Los ojos menudos y del color de las hormigas del fiscal barrieron con meticulosidad toda el área y se distrajeron con las mariposas amarillas que aleteaban excitadas en el orificio sanguinolento del cuello de Ferrarino.
—Las mariposas blancas se arremolinan ante una gota de agua –dijo–. Las amarillas van por la sangre. Usted es colla. ¿Sabía eso? Puede leerlo en cualquier tratado sobre la guerra del Chaco. La sed era desesperante. Todos peleaban por el agua. Pero la orina también servía. Y la sangre. Me refiero a hombres y animales.

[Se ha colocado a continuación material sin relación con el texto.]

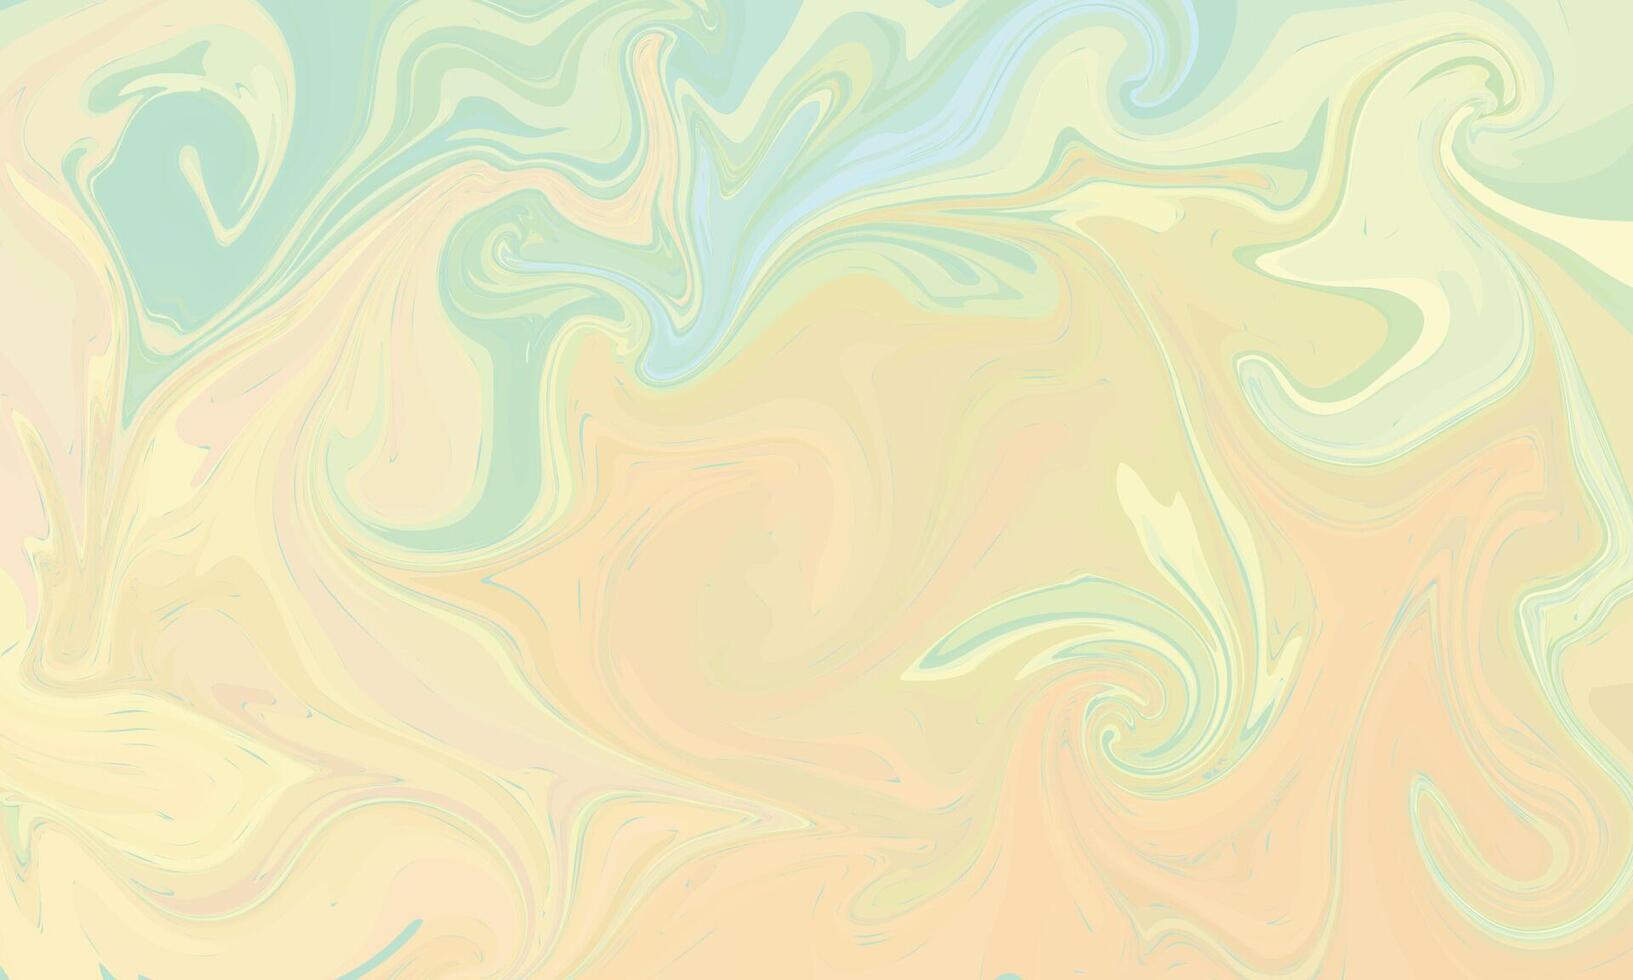 flerfärgad färgrik bakgrund i akryl häller vektor
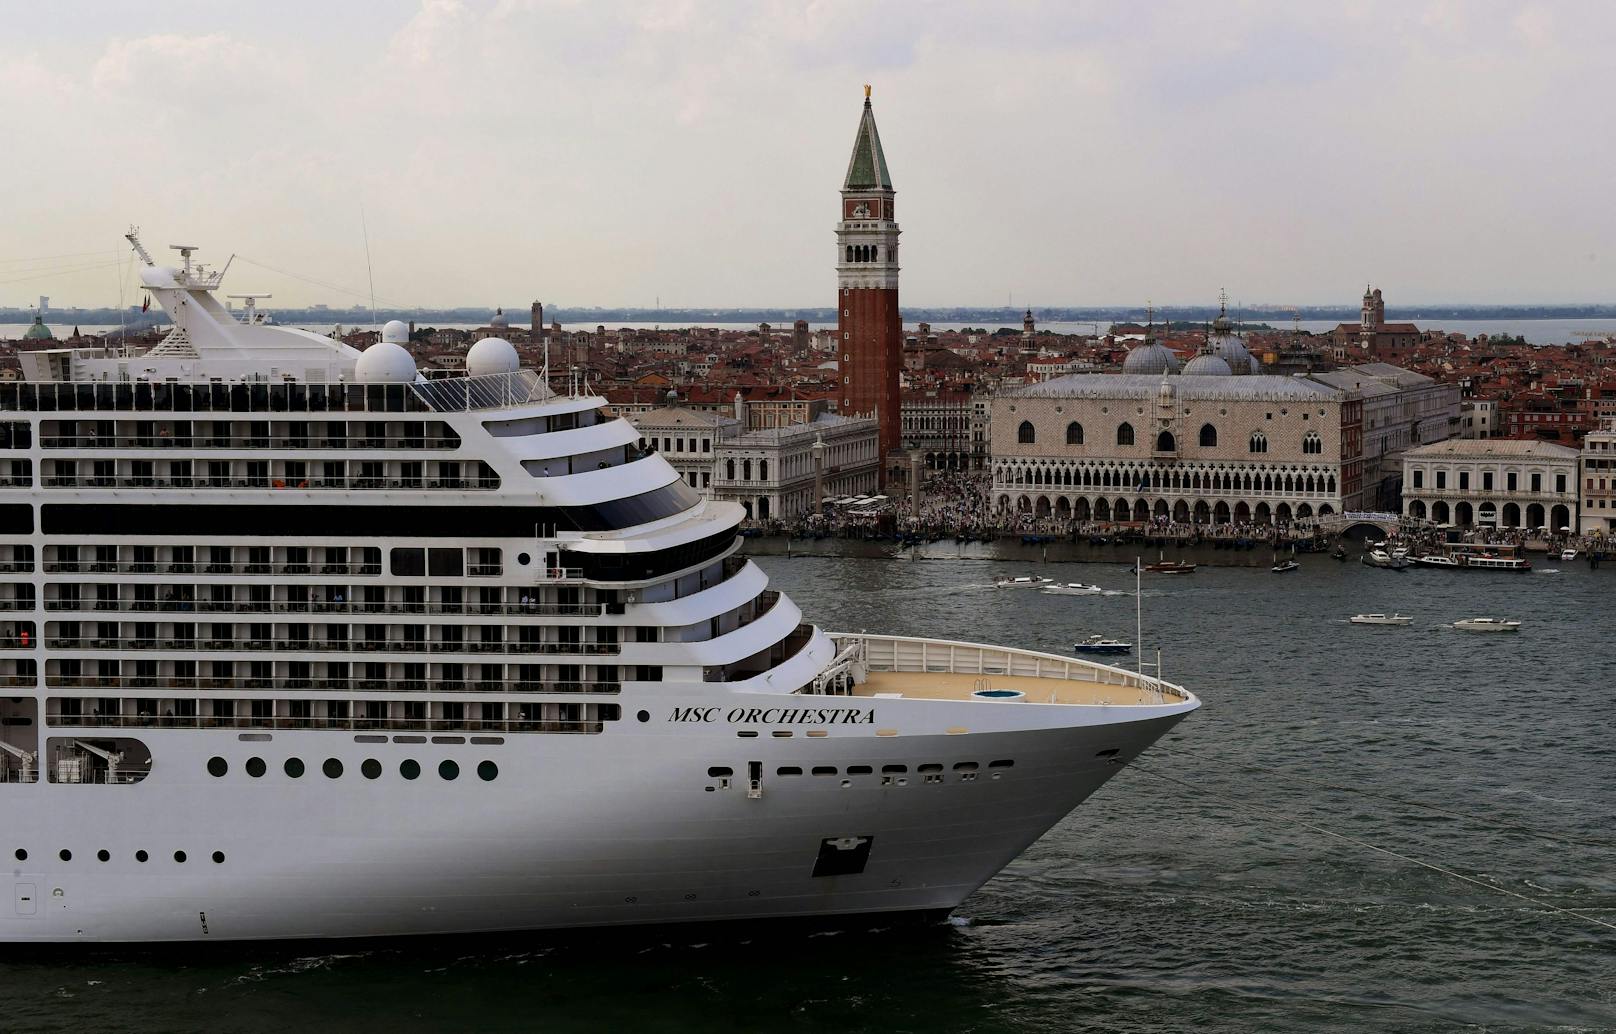 Venedig-Eintritt fix – so viel müssen Touristen zahlen

Me asombré moviendo la cabeza un milímetro.
El fiscal se sonrió un tanto arrogante. Caminó dos pasos lentos hacia el cadáver y se puso de cuclillas. Pareció estudiar el pie desnudo.
Recorrió el largo de la pierna y del cuerpo. Se detuvo en las manos con el propósito y esperanza de hallar algo. Cualquier insignificancia.
Sacudió la cabeza y se puso de pie con cierta dificultad. Atisbó el tajo del cuello, espantando a las sedientas mariposas, como quien se asoma a un precipicio profundo.
—Propio de un toba enojado –dijo–. O de un mataco borracho.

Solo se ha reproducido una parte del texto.